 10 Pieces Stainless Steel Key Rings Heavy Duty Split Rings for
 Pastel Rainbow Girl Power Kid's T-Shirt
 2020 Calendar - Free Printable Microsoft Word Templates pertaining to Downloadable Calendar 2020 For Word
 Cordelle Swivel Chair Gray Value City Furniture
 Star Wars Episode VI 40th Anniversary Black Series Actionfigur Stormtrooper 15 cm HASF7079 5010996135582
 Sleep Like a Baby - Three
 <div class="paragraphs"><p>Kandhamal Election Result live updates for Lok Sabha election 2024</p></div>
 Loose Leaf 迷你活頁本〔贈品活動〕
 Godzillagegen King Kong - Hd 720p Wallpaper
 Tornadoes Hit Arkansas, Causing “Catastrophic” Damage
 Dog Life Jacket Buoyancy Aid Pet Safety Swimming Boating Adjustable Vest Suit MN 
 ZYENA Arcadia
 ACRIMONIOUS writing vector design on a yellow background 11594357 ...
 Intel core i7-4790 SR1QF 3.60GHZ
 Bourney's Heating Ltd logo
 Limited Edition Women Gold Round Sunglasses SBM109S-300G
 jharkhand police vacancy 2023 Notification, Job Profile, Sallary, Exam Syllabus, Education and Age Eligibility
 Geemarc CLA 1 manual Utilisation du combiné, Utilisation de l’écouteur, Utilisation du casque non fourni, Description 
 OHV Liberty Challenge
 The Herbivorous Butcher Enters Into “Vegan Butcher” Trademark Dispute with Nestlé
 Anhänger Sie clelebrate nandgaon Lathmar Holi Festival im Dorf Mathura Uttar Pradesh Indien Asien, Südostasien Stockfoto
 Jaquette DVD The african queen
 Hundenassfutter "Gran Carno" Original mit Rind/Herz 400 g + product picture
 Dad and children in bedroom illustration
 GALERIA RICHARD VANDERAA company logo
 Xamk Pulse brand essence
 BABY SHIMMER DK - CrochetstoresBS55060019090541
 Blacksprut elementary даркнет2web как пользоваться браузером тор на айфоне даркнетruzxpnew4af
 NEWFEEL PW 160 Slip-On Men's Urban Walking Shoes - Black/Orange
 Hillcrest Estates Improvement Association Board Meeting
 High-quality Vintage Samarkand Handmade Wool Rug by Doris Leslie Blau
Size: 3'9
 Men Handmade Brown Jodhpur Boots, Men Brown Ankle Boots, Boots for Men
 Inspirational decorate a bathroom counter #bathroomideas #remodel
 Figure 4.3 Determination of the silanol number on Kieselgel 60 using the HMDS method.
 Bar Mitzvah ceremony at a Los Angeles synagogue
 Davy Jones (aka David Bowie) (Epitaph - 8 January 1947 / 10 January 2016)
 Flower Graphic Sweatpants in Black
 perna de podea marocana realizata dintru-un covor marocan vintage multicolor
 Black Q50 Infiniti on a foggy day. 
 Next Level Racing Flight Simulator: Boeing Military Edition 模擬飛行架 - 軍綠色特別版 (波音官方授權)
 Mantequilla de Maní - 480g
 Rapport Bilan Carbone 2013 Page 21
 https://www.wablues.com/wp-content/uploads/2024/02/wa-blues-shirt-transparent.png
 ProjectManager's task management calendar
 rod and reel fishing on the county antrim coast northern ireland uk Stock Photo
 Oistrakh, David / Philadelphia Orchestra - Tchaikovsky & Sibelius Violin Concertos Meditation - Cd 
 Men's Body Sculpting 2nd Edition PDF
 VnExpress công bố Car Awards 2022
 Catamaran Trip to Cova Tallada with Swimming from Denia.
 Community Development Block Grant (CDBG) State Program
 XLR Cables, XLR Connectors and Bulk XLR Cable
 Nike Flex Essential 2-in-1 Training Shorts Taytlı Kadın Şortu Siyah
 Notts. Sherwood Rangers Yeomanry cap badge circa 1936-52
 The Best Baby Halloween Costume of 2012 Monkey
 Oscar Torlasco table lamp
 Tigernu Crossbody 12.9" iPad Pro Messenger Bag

**Work to be completed**: Scan the records for the string "Swimming". Copy each line in which it appears.

**Result of this task**:
 Dog Life Jacket Buoyancy Aid Pet Safety Swimming Boating Adjustable Vest Suit MN 
 Catamaran Trip to Cova Tallada with Swimming from Denia.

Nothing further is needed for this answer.